What just happened—and why does it matter for the IRGC?
In November 2025, Iranians watched two shocking clips circulate in the shadows of the Islamic Revolutionary Guard Corps (IRGC)–dominated security state:
- In Tehran’s metro, two men in air-defense–style uniforms unfurled the pre-1979 Lion-and-Sun flag. Metro police quickly arrested them; Iranian media later described their outfits as “imitation army air defence uniforms” and said they were detained for “disrupting public order.”
- Online, a man in uniform identified himself as Iranian Air Force Colonel Ebrahim Aghaei Kamazani from Malayer, called the regime criminal, praised “Shah and Iran,” and declared his defection from the Islamist regime, urging officers to support the command and leadership of Crown Prince Reza Pahlavi and to “rise up on November 25”, according to Iran International’s translation of his speech.

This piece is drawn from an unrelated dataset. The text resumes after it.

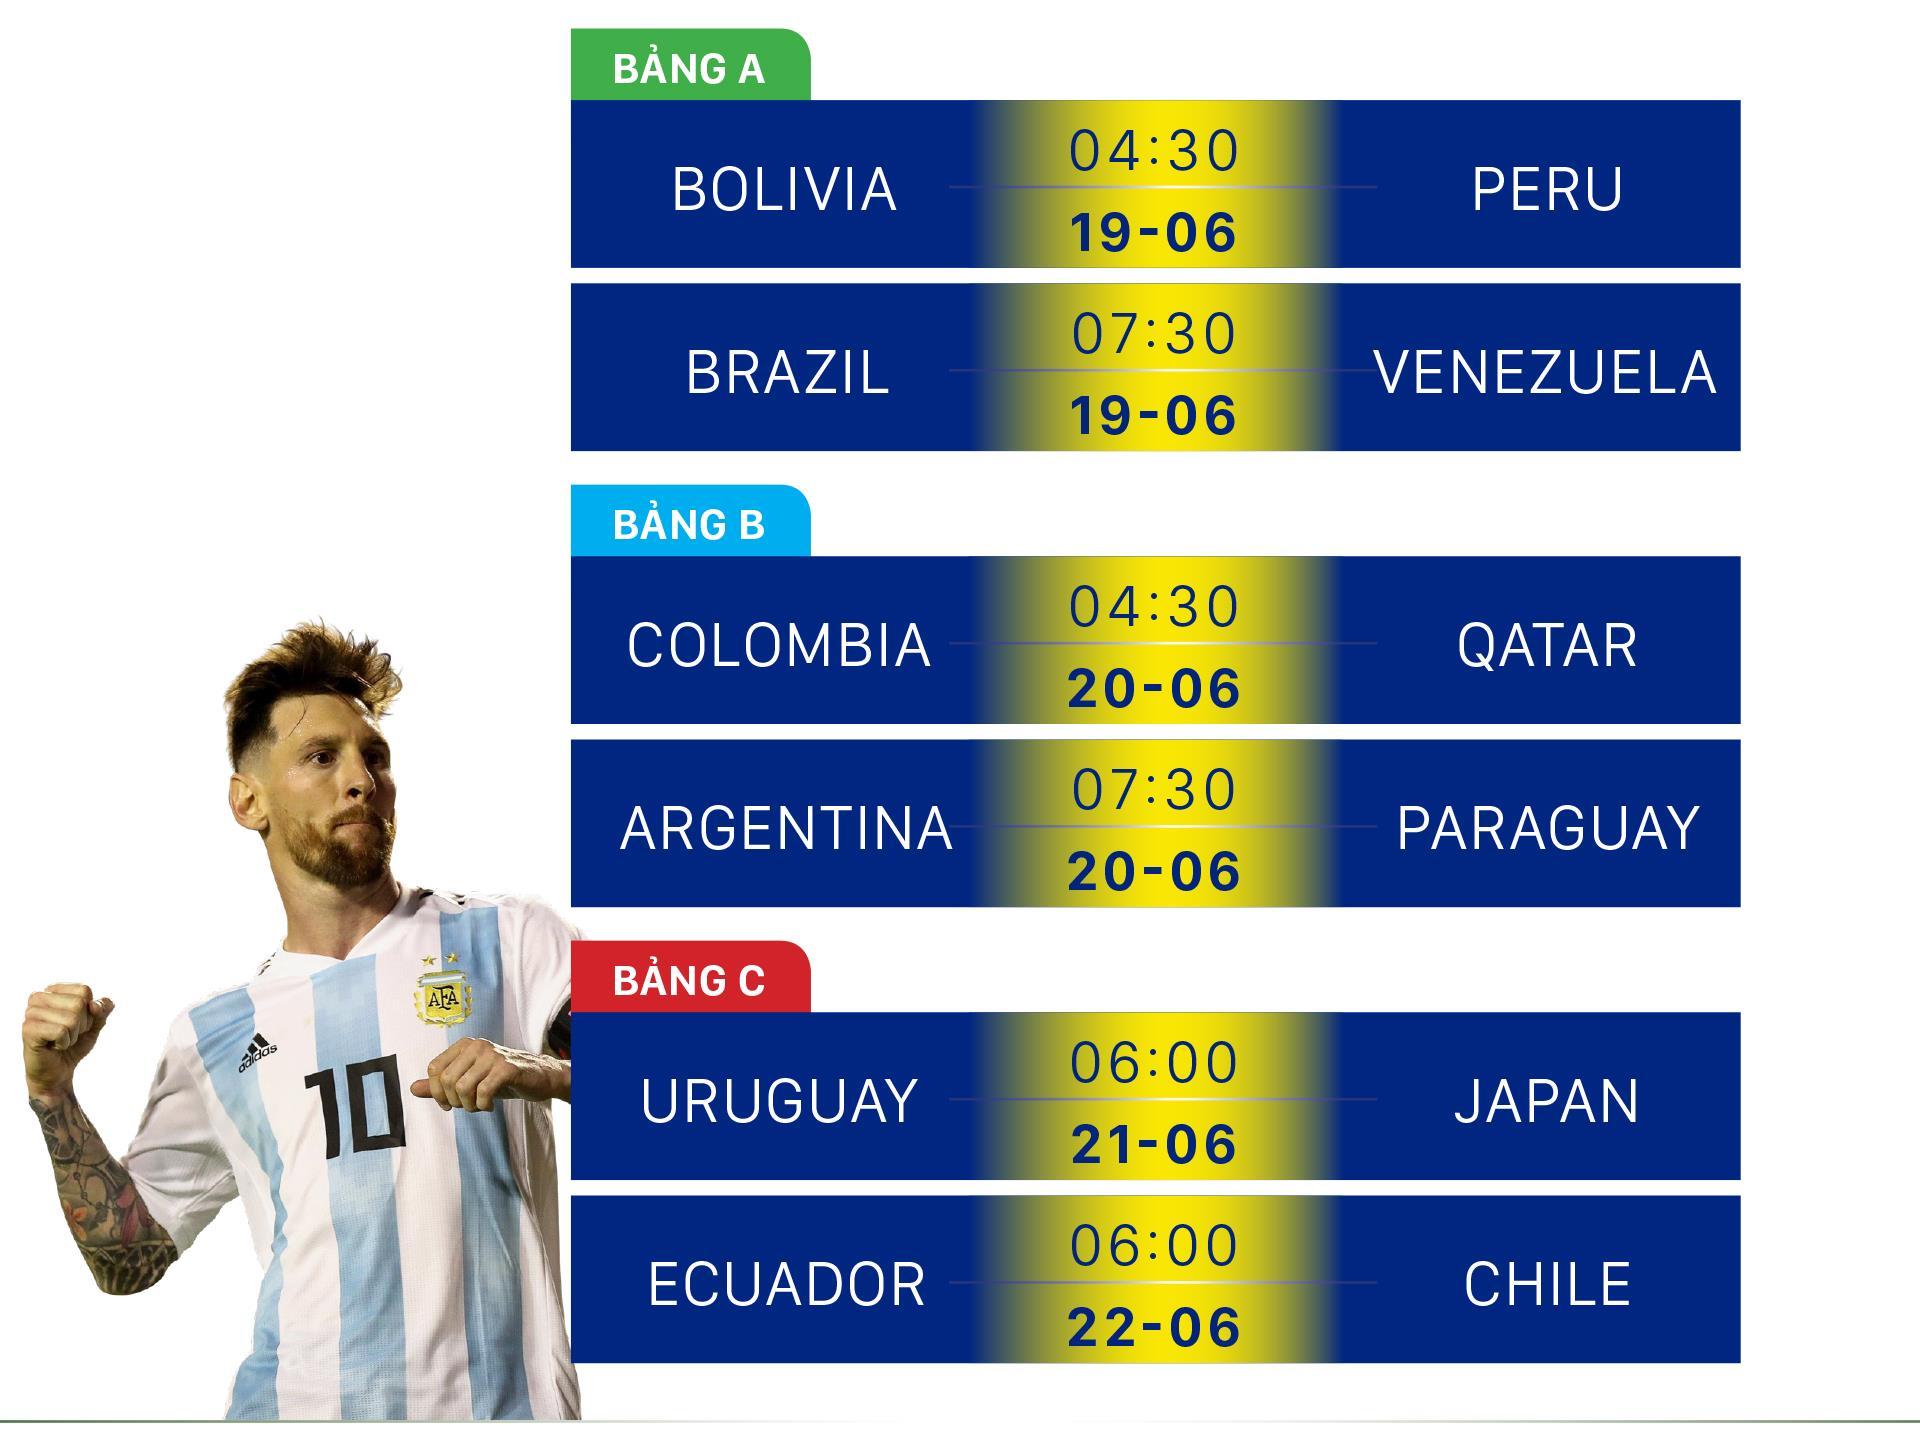 Lịch thi đấu bóng đá Copa America 2019  ảnh 2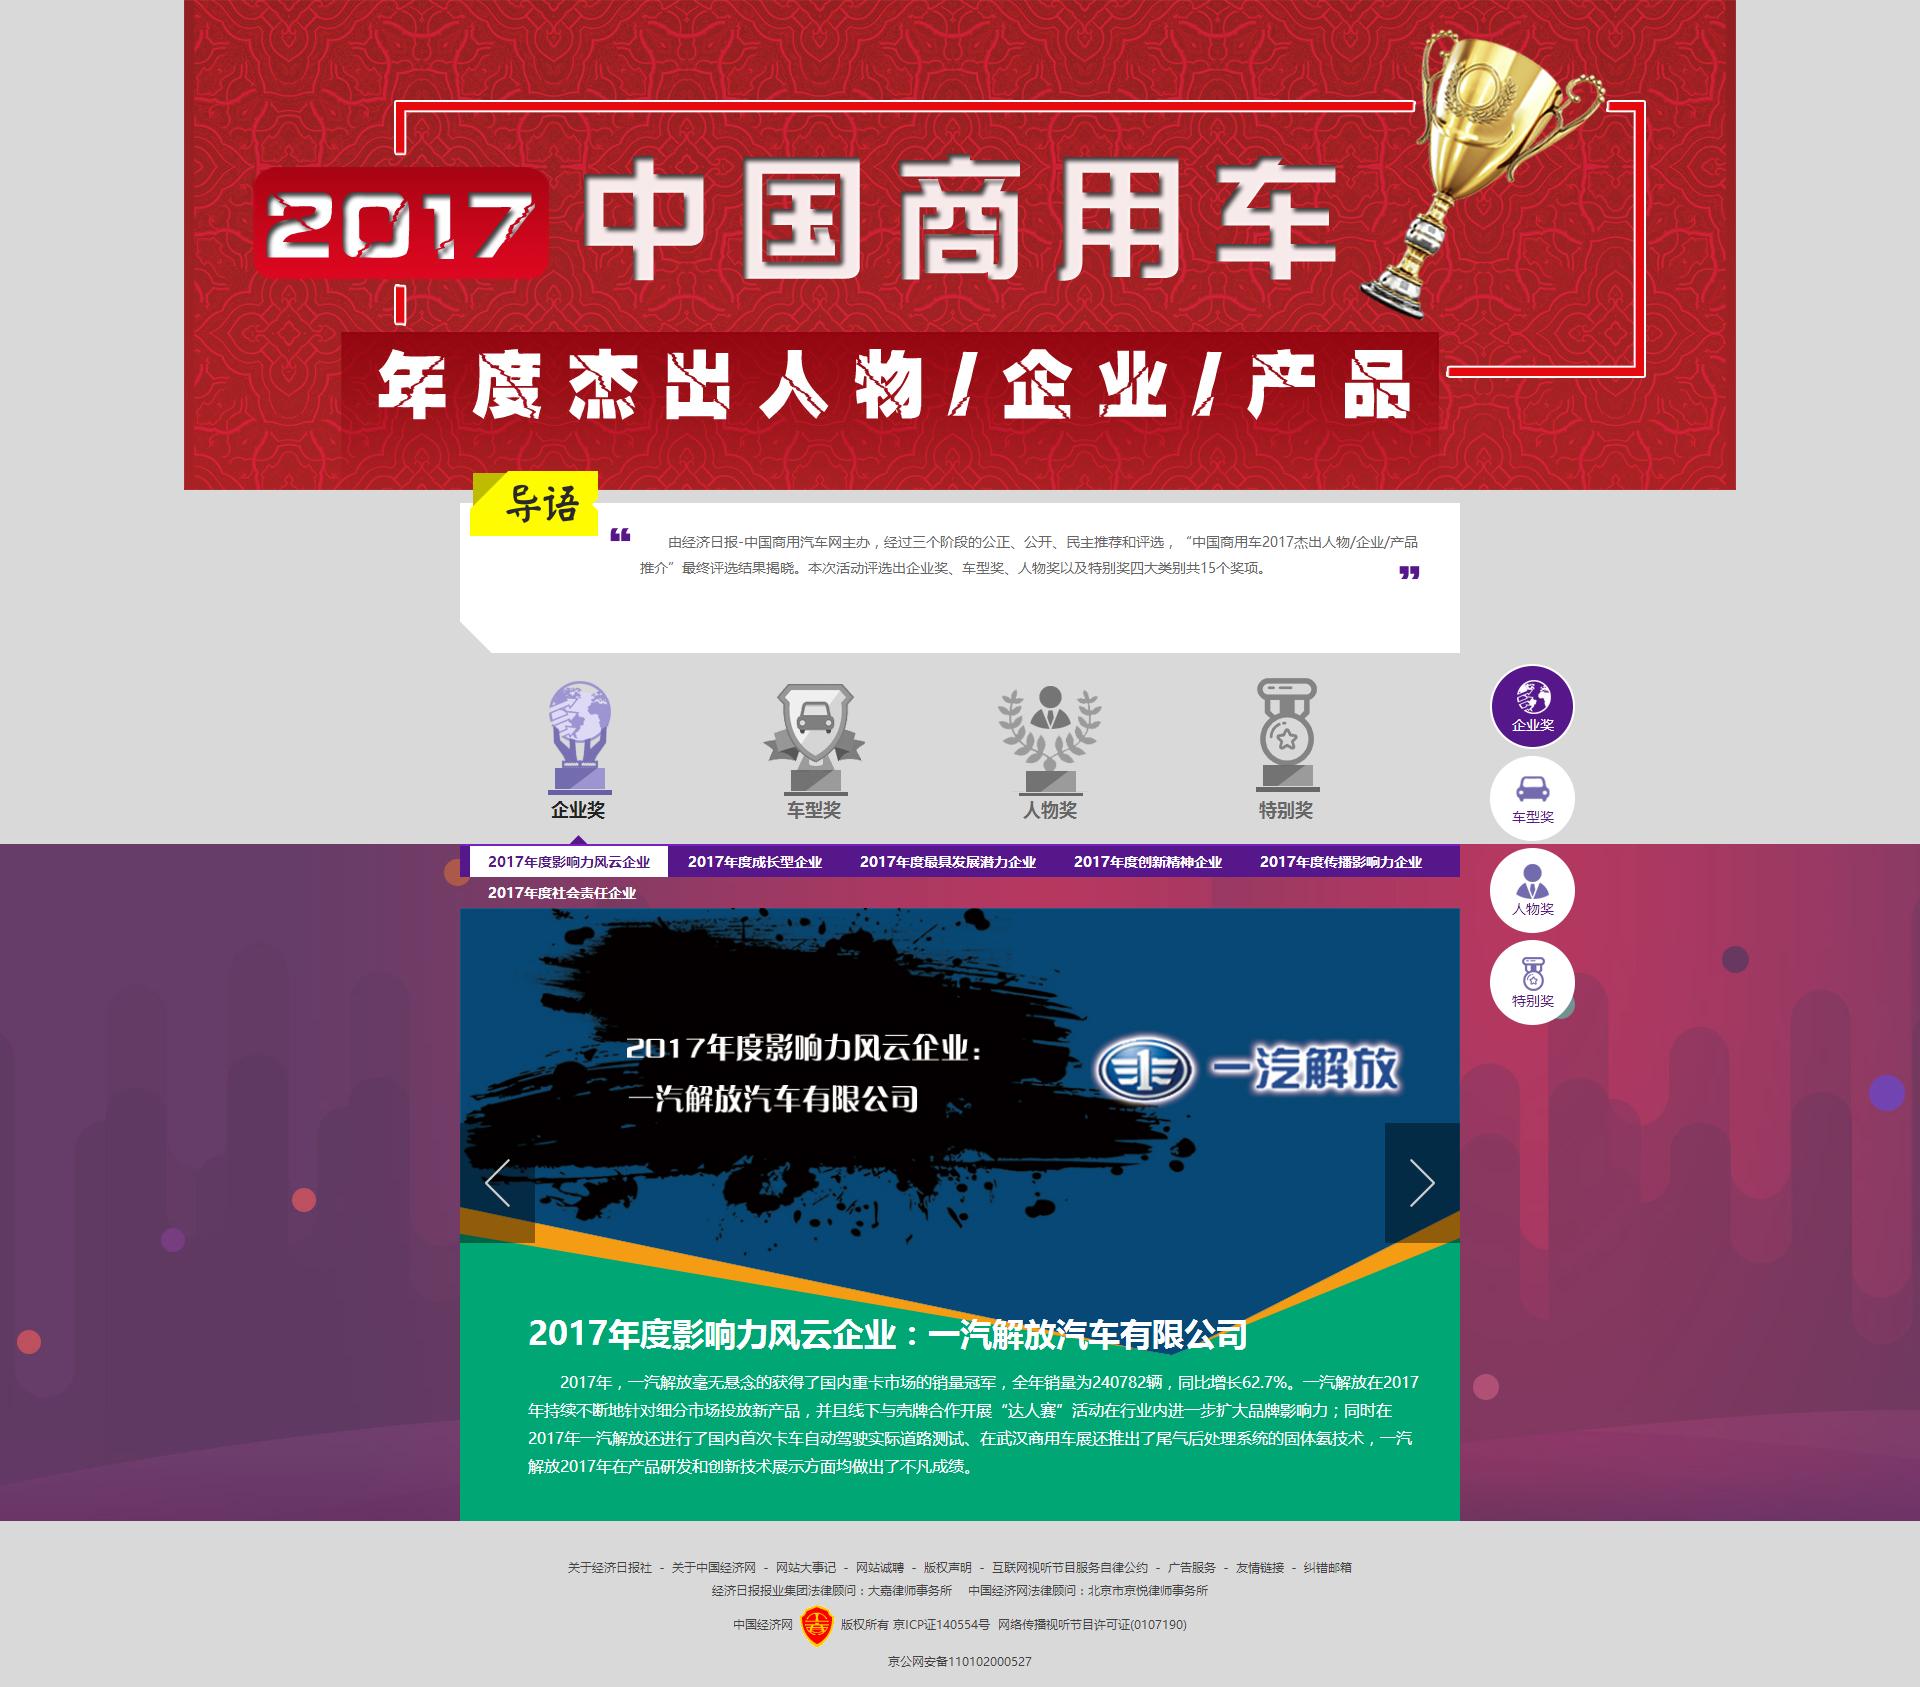 中国商用车2017杰出人物_企业_产品评选_中国经济网.png

Mainstream outlets like Iran International report him cautiously as “a man identifying himself as Colonel Ebrahim Aghaei Kamazani,” saying they cannot independently verify his military status.
Author Nick Berg, whose novelised survival story Shadows of Tehran is rooted in his real escape from post-revolution Iran and later U.S. Special Operations service, says his trusted sources have confirmed the man is who he claims to be—a colonel with the background he describes.
That doesn’t prove that the IRGC itself is collapsing, but it does force a question:
In a system built around the IRGC, what do one colonel’s defection and one banned flag in uniform really change?
How does the IRGC actually control Iran’s security system?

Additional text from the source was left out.